■ **Task brief**: Copy the listing in full and exactly, omitting its images.

■ **Material provided**:
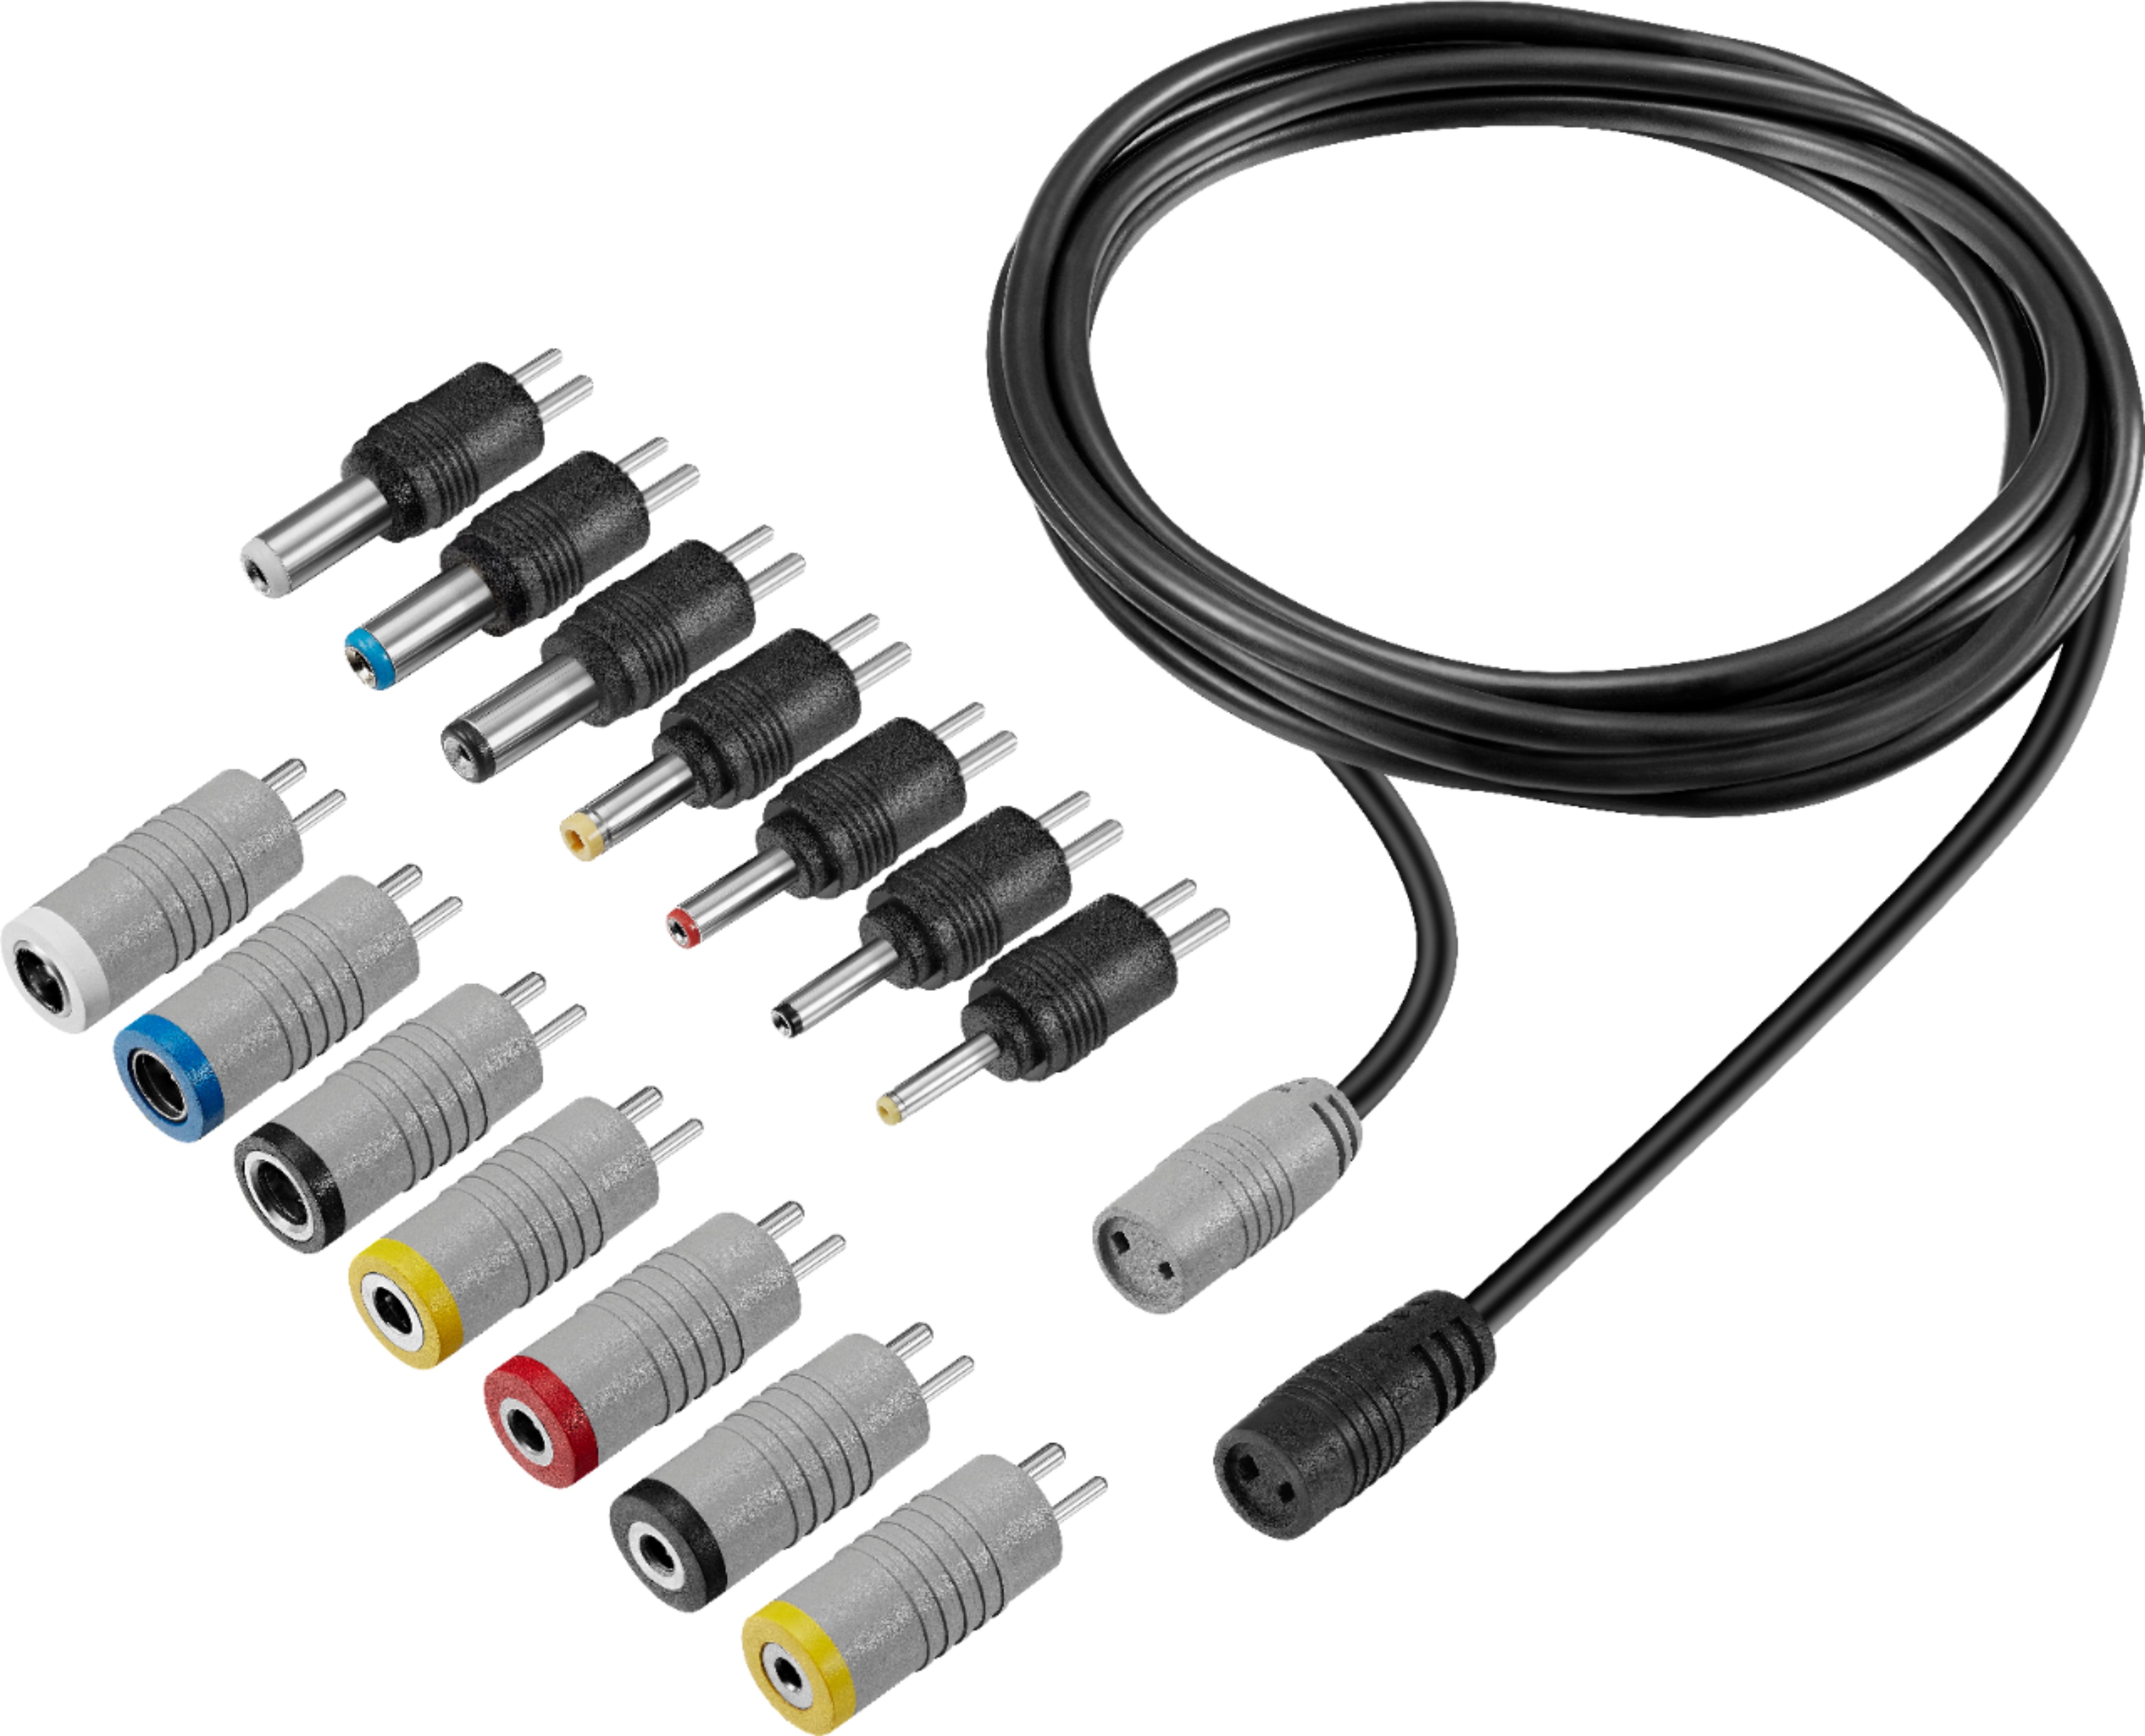 evitar Ya Neuropatía Best Buy essentials™ 6' DC Extension Cable Kit Black BE-HCL329 - Best Buy
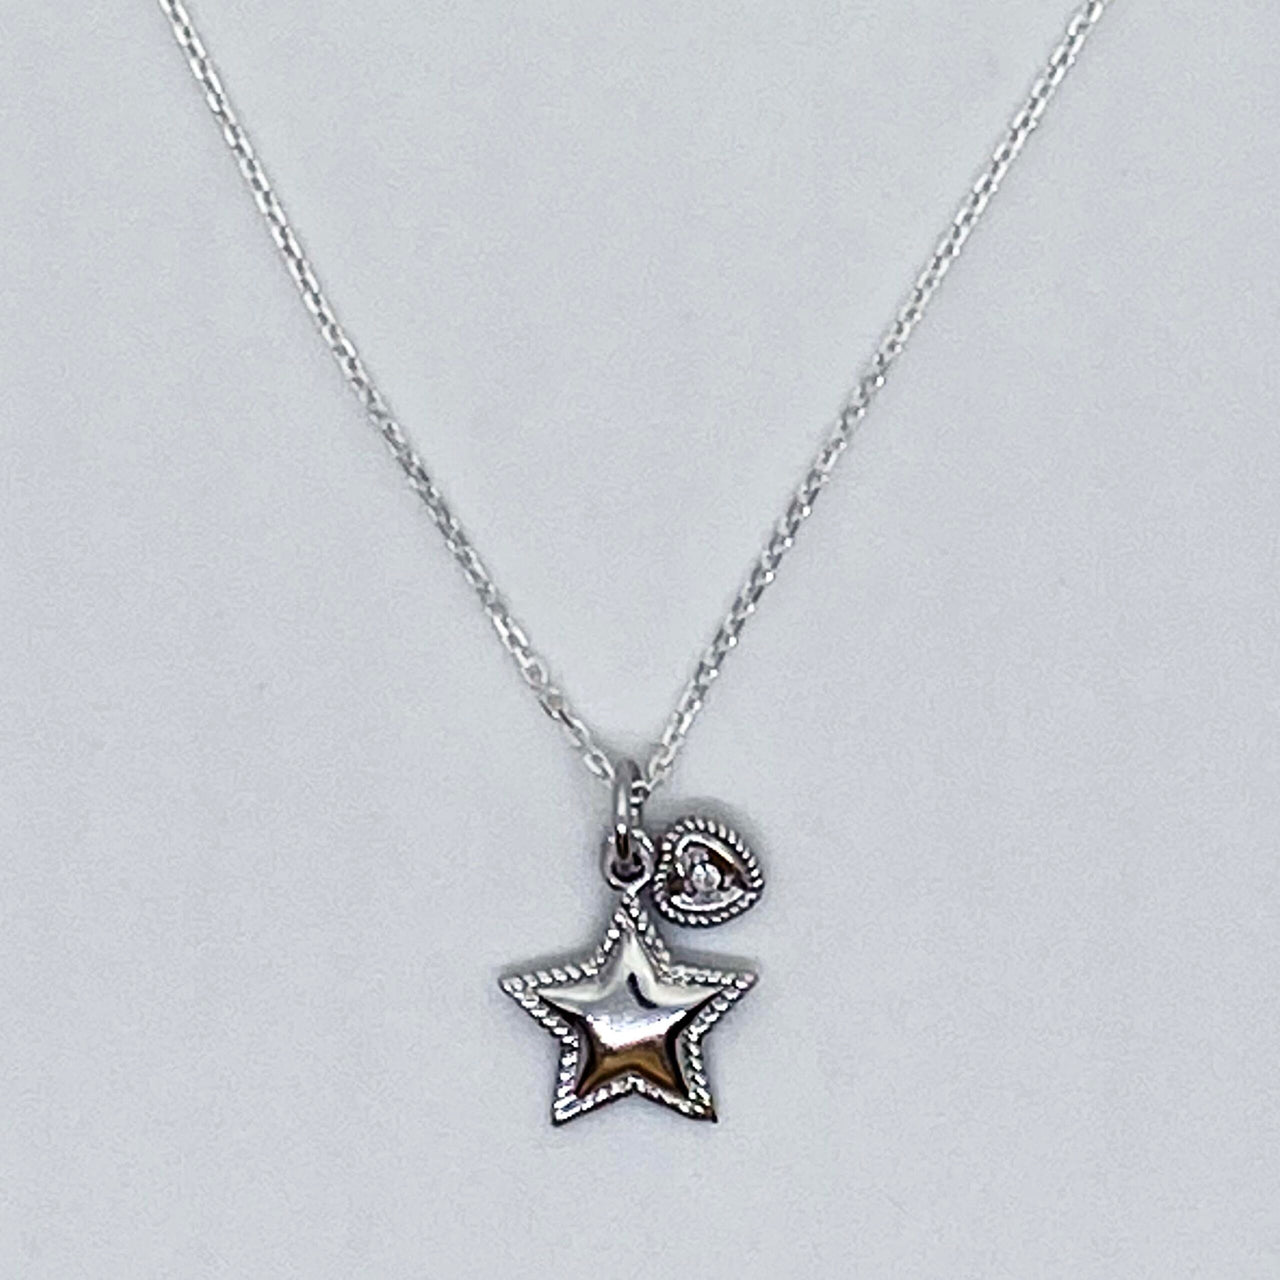 Star And Heart Necklace Sterling Silver Jewelry
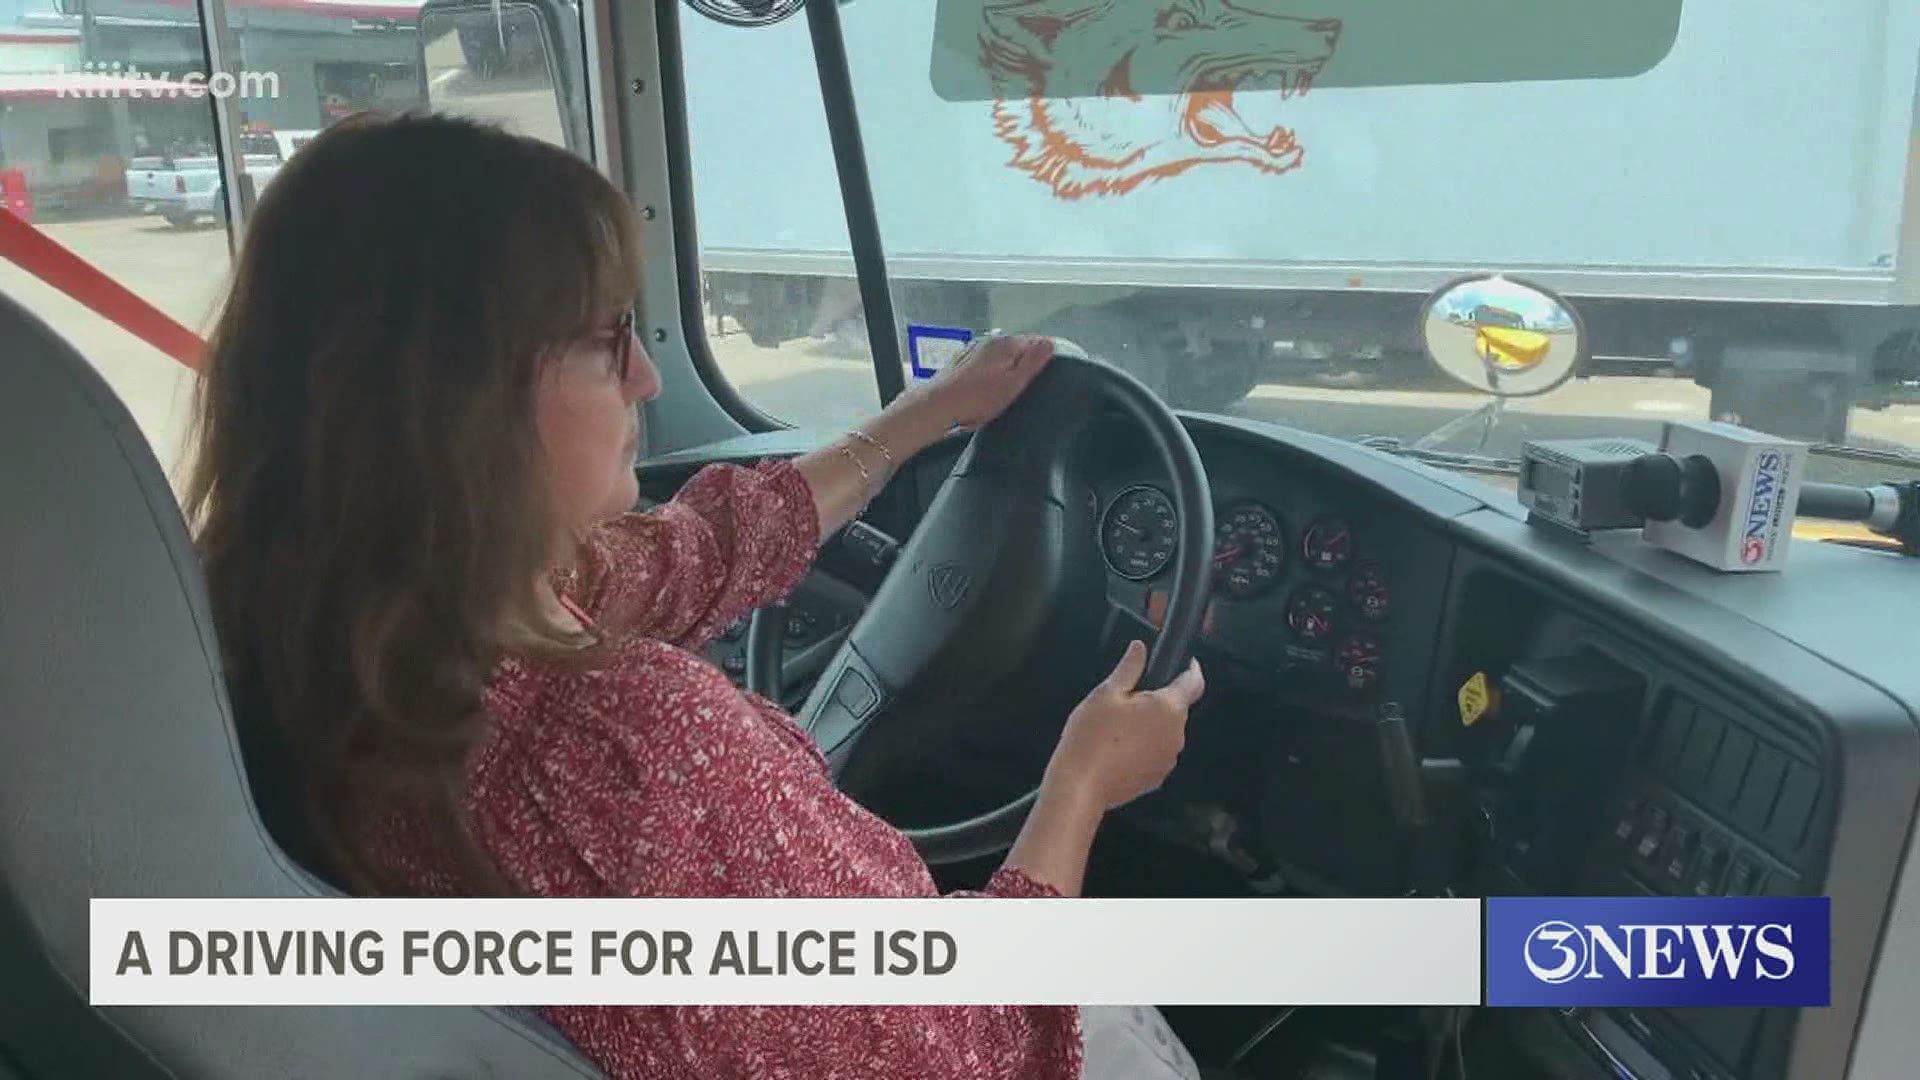 Gonzalez was just named Bus Driver of the Year for Alice ISD. What a year it was: navigating COVID protocols and keeping children safe.
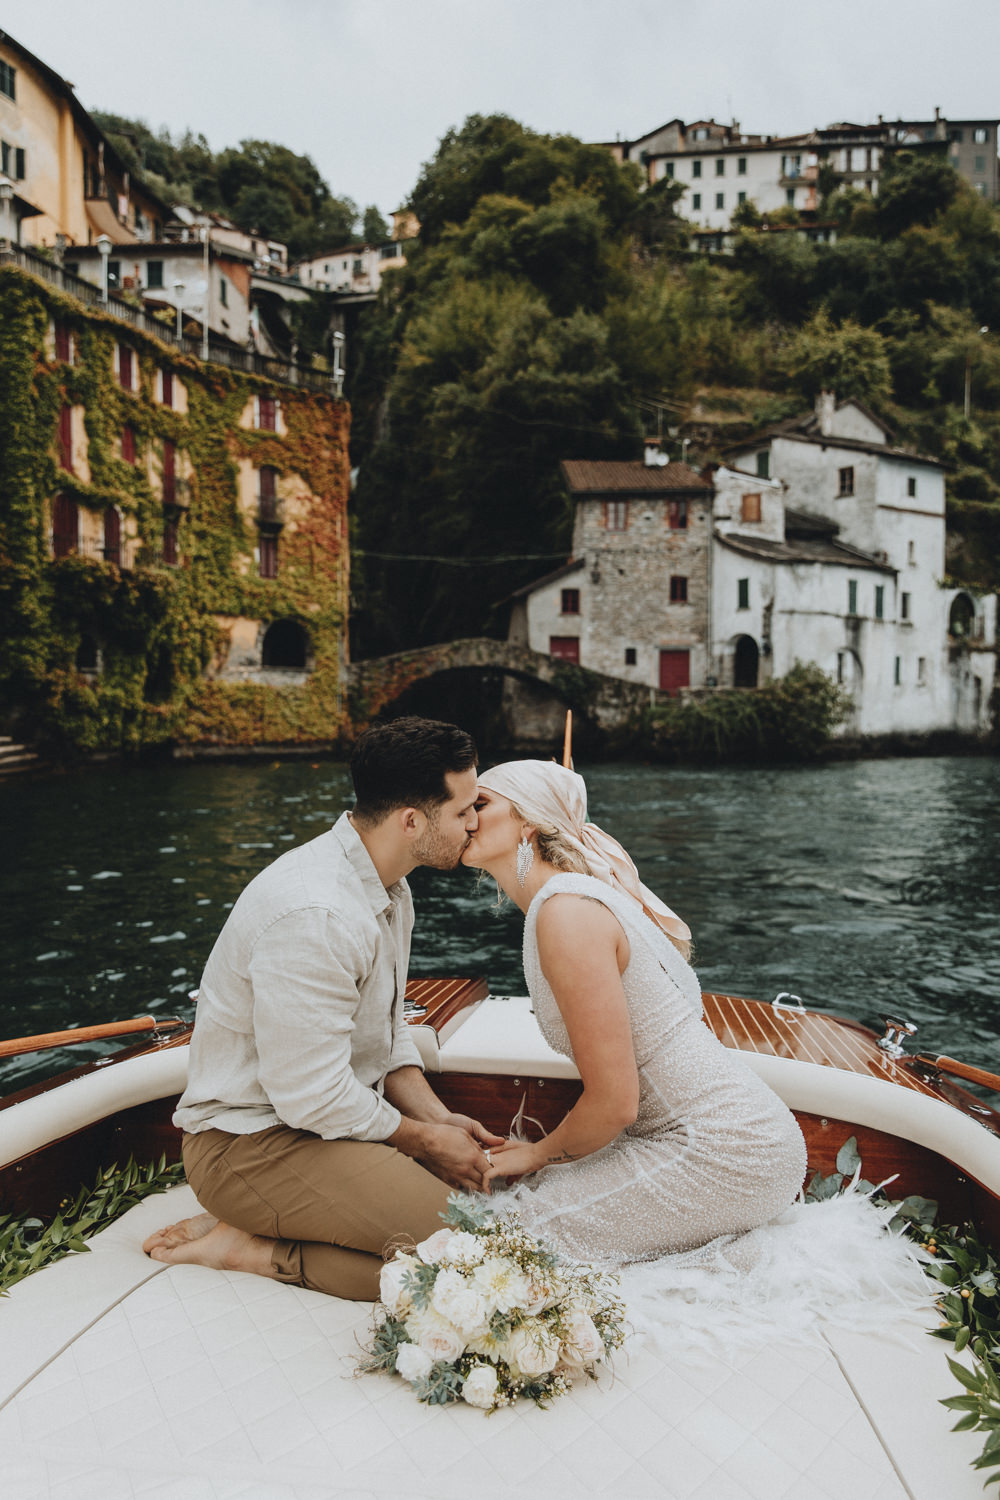 A couple kisses on the back of a wooden boat on lake Como during their elopement day abroad. The water is a deep blue and there are old Italian buildings and a waterfall on the land behind them.

■ **Answer box**:
 evitar Ya Neuropatía Best Buy essentials™ 6' DC Extension Cable Kit Black BE-HCL329 - Best Buy
 Star And Heart Necklace Sterling Silver Jewelry
 Gonzalez was just named Bus Driver of the Year for Alice ISD. What a year it was: navigating COVID protocols and keeping children safe.
 A couple kisses on the back of a wooden boat on lake Como during their elopement day abroad. The water is a deep blue and there are old Italian buildings and a waterfall on the land behind them.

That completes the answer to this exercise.